I Think My First Must-Play Title of 2026.
After playing well over 200 fresh titles this year, It's time to closing the book on 2025. My annual roundup is live, and I'm satisfied with the concluding selections, even knowing a host of excellent games may have dropped by the wayside. Now, there's job is to but sit back, take a short break, and maybe enjoy a refreshing hike in the— well, shoot, stumbled upon a amazing experience. And just like that, goodbye to my peaceful respite!
An Early Contender Emerges
In my more casual gaming time, typically earmarked for a few oddball curiosities, I've encountered potentially my initial top game of 2026. Sol Cesto is a distinctive procedural dungeon crawler for Windows PC that deconstructs a classic dungeon crawler into a probability-fueled game of major consequence risk and reward. Take this as a preview for the in-the-know: If you enjoy discovering a game before it's popular, test out Sol Cesto so you can make a dent in your indie credit card.
A Tactical Roguelike Twist
Sol Cesto is a strategy-focused dungeon crawler that's unlike anything I've ever played. The concept is that you need to explore a dungeon, descending floor after floor on a quest for the sun, which has disappeared from this mythical realm. When you play, this results in some recognizable genre framework. Select a character possessing unique stats and abilities, defeat enemies on every stage of monsters, pick up some stat improvements (which are teeth), and defeat a few biome bosses. Straightforward, right!
The Distinctive Gameplay Loop
The method by which you actually clear a chamber, is unique. Whenever you enter a new floor, the game presents a four-by-four matrix of boxes. All spaces either contains a monster, a reward cache, a trap, or a healing strawberry. To proceed, you simply click on one of the horizontal lines, but the specific tile you end up on is up to chance.
You could encounter a row with multiple foes, a strawberry, and a treasure chest in it. You start with a one-in-four probability of hitting a specific tile in a row.
Subsequently, your probabilities change. The question becomes: Do you press your luck, or do you opt on a safer line first and attempt some more cautious selections early? That's the tension between chance and safety on display in Sol Cesto, and it's absorbing after you develop an understanding of it.
Shaping the Odds
The roguelike twist is that your odds can be manipulated through a run by gathering teeth that change what things you're more attracted to. For example, you may obtain a perk that will decrease your odds of landing on a trap, but will similarly reduce the odds of getting a reward too.
- Creating a build is about influencing the statistics to the utmost to have a improved likelihood at landing where you want.
- In one run, I put all my stat upgrades toward brute force and chose every teeth possible that would increase my odds of attracting me toward monsters with that damage type.
- On a different attempt, I constructed my hero around reward boxes and coupled it with a perk that would weaken adjacent enemies every time I secured loot.
The customization choices are limited, but there's enough to experiment with to allow you to tweak probabilities to your preference.
An Ever-Present Gamble
Unsurprisingly, it's still a game of chance. You constantly face the possibility that you have a likely outcome to select the square you want but ultimately choose on an enemy that would take out your last bit of health. All selections is a gamble, so you feel ongoing pressure as you work through a stage and decide when to press onward or to proceed to the subsequent stage rather than pushing your luck.

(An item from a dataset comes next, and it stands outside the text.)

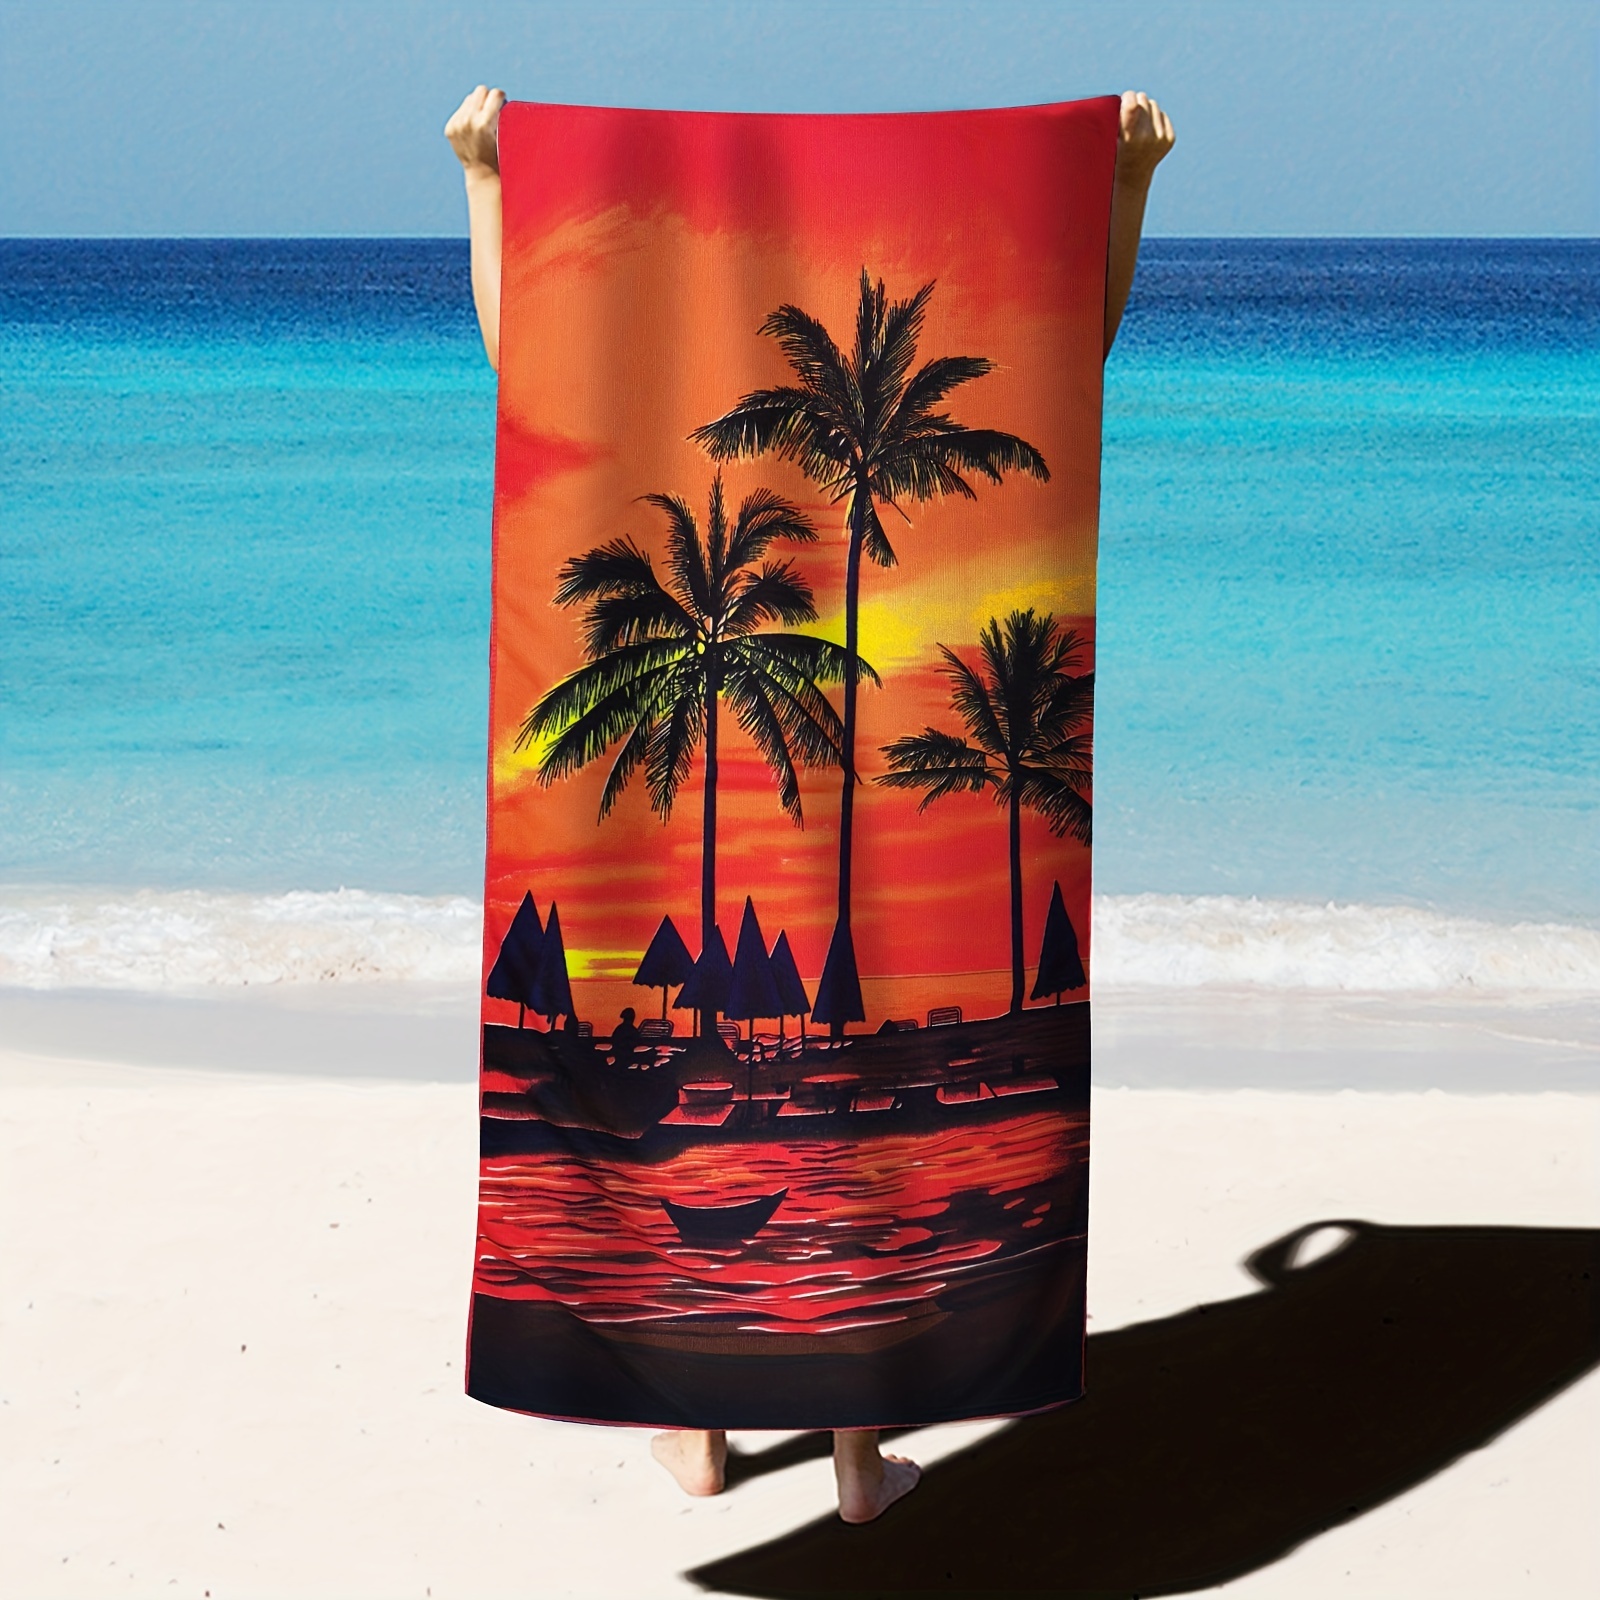 Mutao Beach Towel - Quick Dry & Super Soft

Tools such as explosive devices aid in reducing the chance, just like some hero powers. An adventurer's signature move, charged after clearing four squares, lets gamers to select a column in place of a row on a turn. Should you use your cards right, you can save that move for a crucial point to avoid a risky decision. It's a surprising degree of depth in the basic action of clicking.
Looking Ahead
Sol Cesto is remaining in development, and it has a final update planned until the final game is released. Another playable adventurer and a additional end-level foe are planned for release by the end of January. The 1.0 release may not be far behind, but the creators haven't announced a specific release window yet.
A Final Endorsement
Regardless of when it's fully released, you should consider put Sol Cesto on your wishlist. For the past week, I've been completely engrossed with it, uncovering each of small details and saving my accumulated currency every session to access a constant flow of permanent unlocks, such as fresh adventurers and items I can buy during a run. As of now, I am yet to found the deepest level, and I suspect I will remain attempting that goal when the full version launches. Count me in for the long haul.